Every line of the material is to be transcribed verbatim, with images omitted.

> [DATA SHOWN]
....................

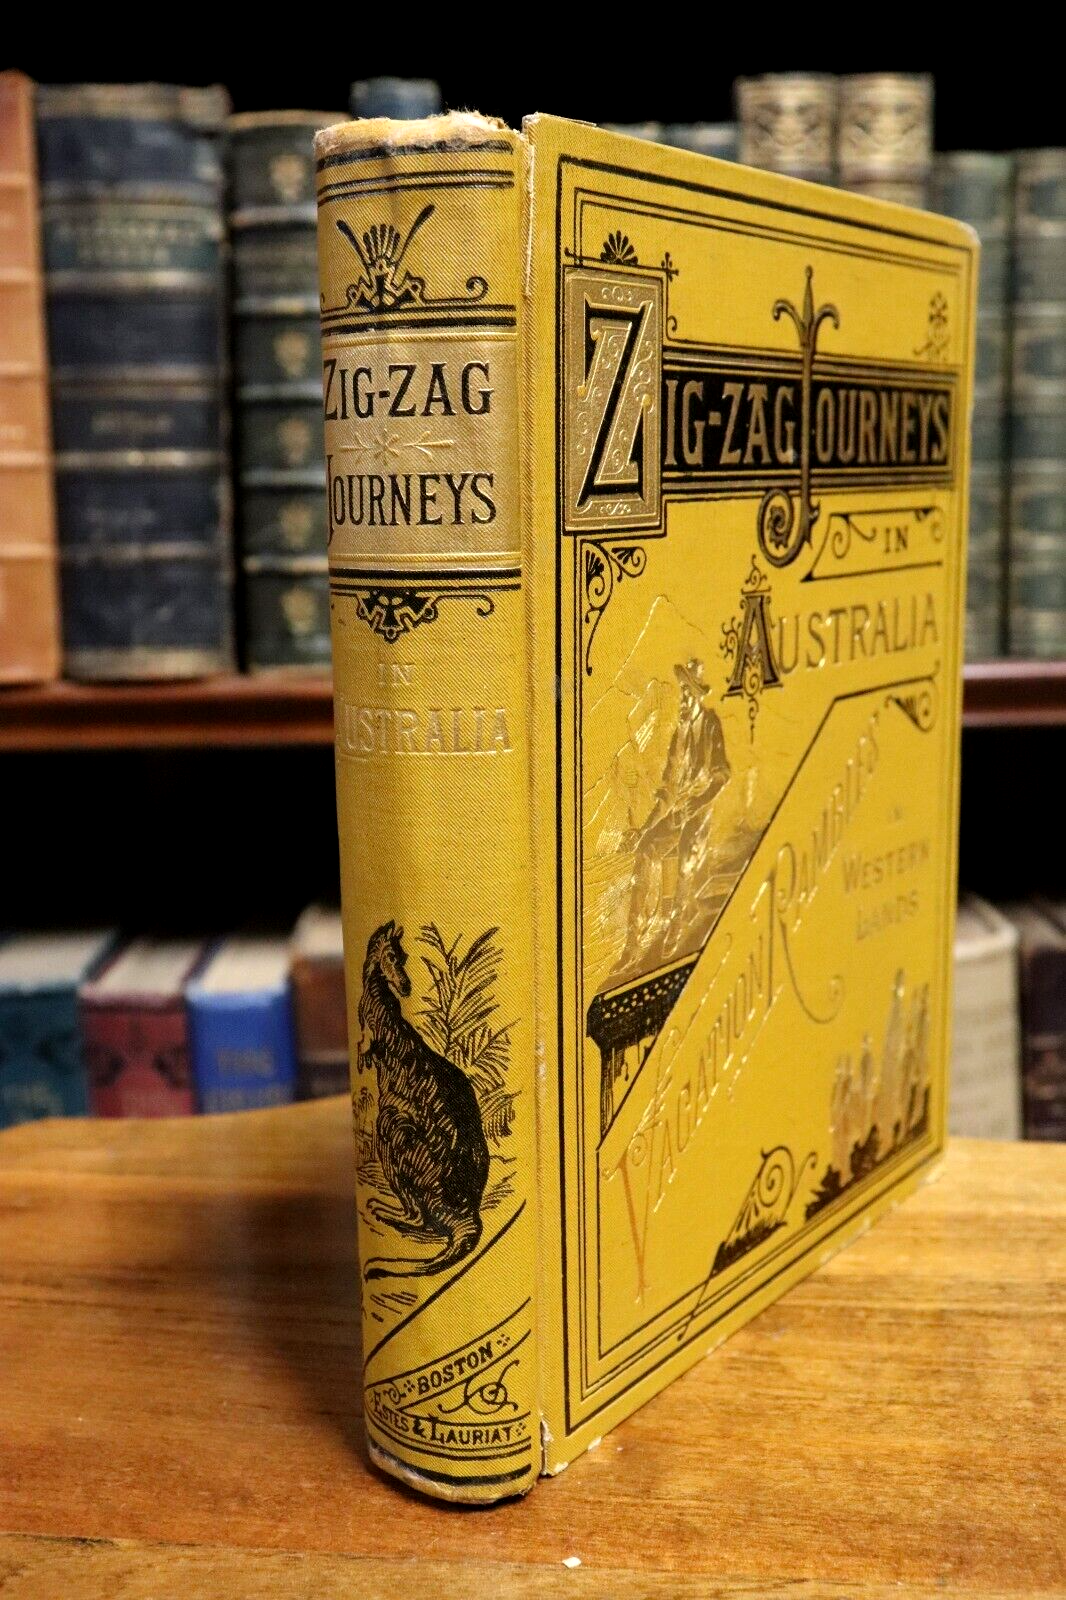 1891 Zigzag Journeys In Australia by H Butterworth Antiquarian Illustrated Book
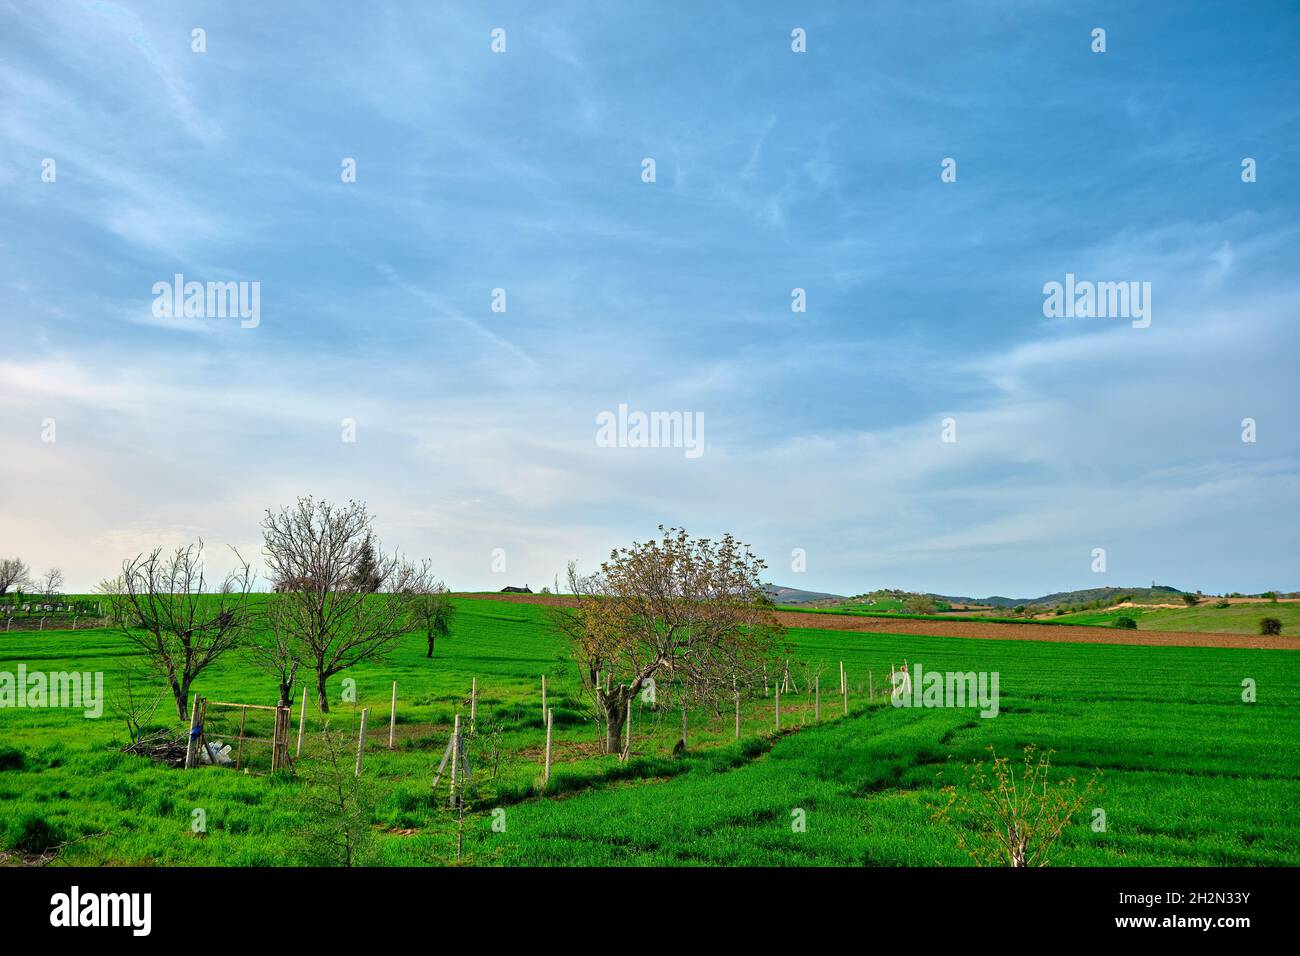 Agricultural field with green plants and grass and small harvesting area covered by fences in Bursa Turkey during sunset and blue sky background. Stock Photo
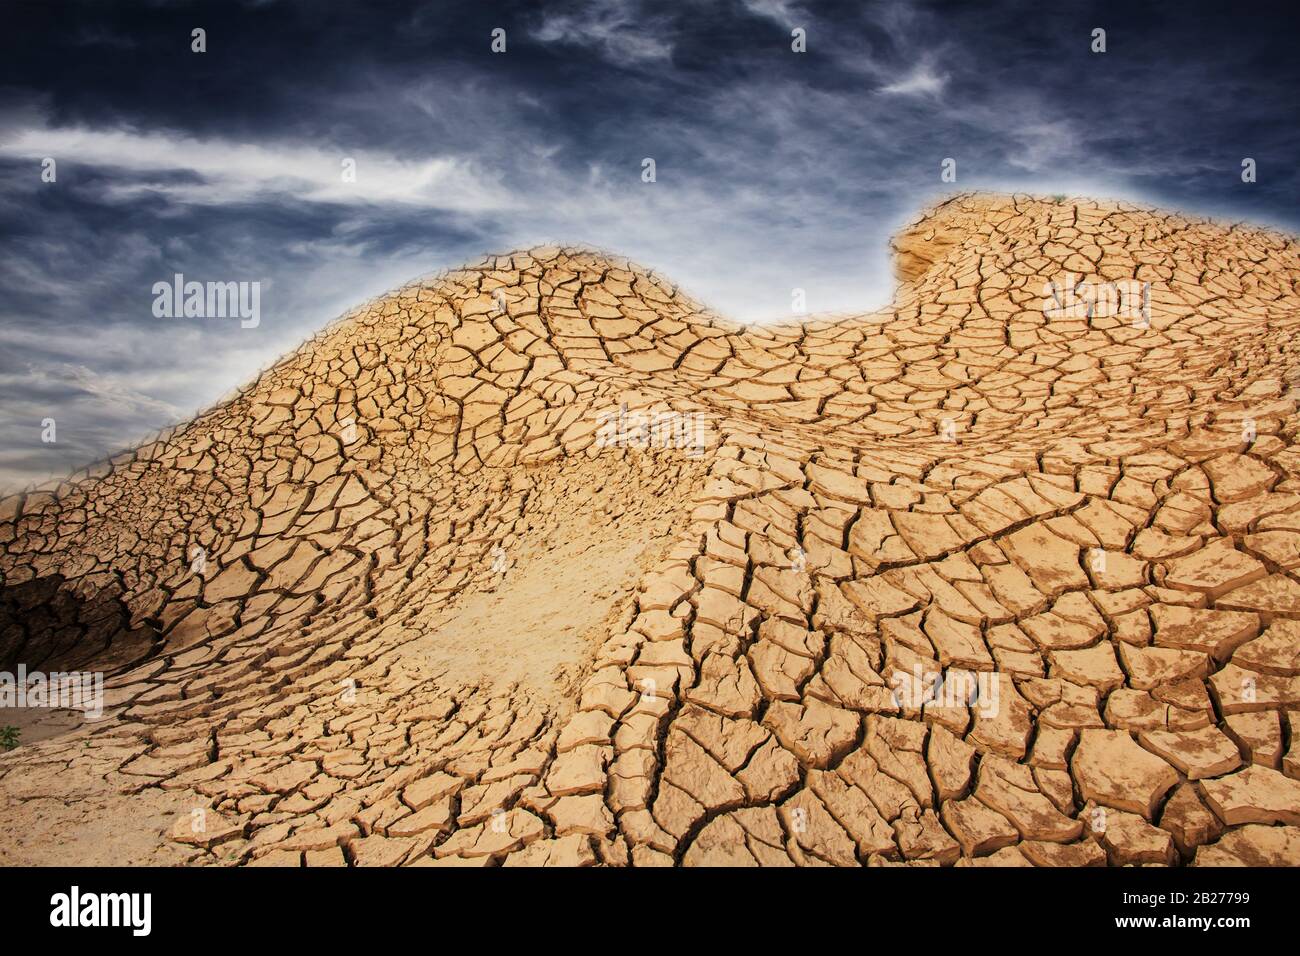 Dried land in the desert. Cracked soil crust Stock Photo
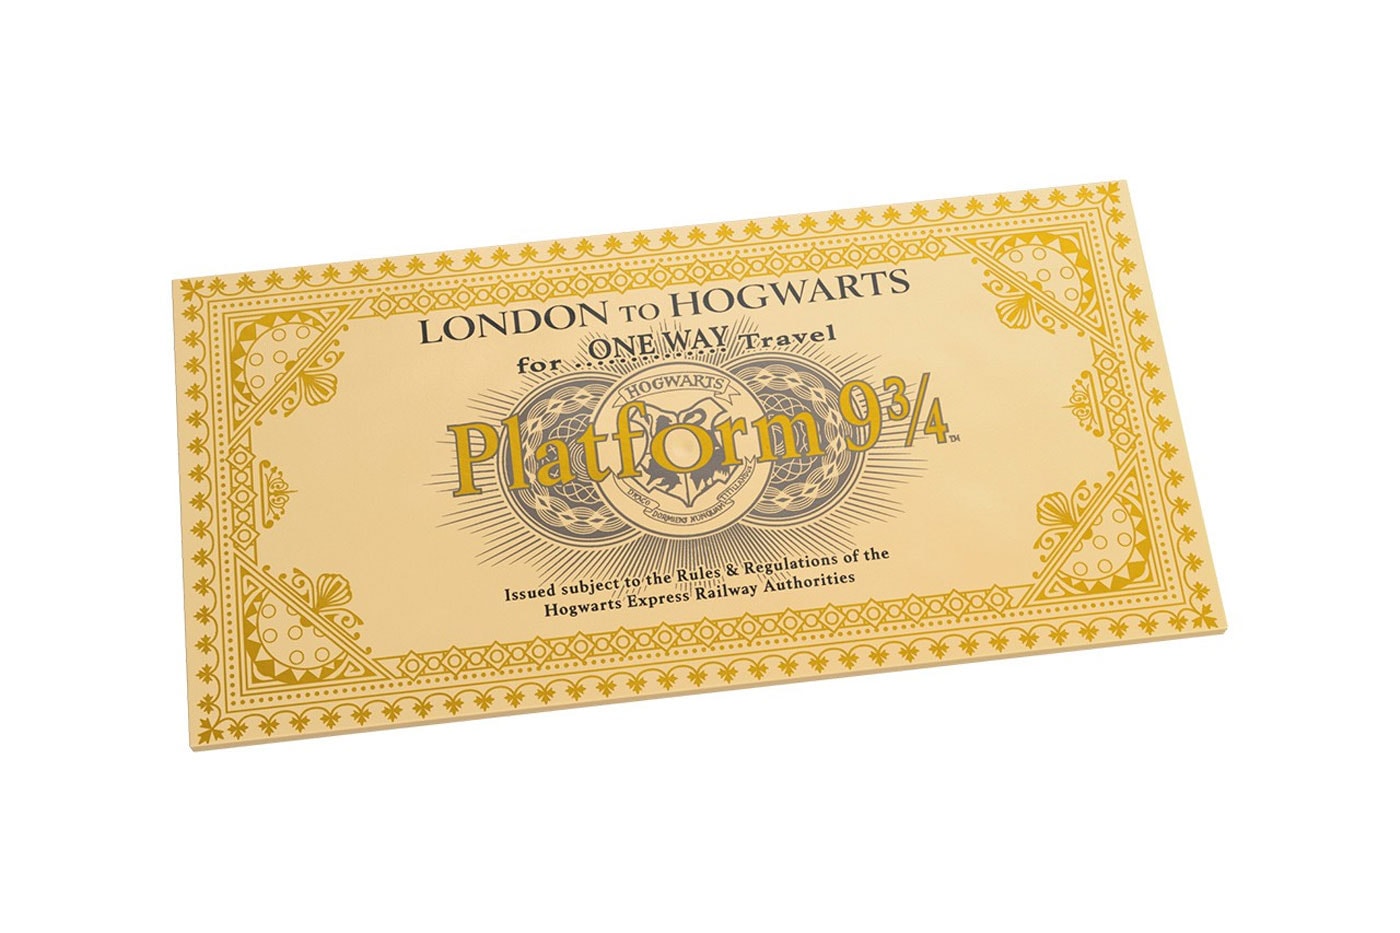 LEGO harry potter Hogwarts Express train kings cross station railway platform Collectors Edition release info date price

....................

> [EXERCISE RESPONSE]
 1891 Zigzag Journeys In Australia by H Butterworth Antiquarian Illustrated Book
 Agricultural field with green plants and grass and small harvesting area covered by fences in Bursa Turkey during sunset and blue sky background. Stock Photo
 Dried land in the desert. Cracked soil crust Stock Photo
 LEGO harry potter Hogwarts Express train kings cross station railway platform Collectors Edition release info date price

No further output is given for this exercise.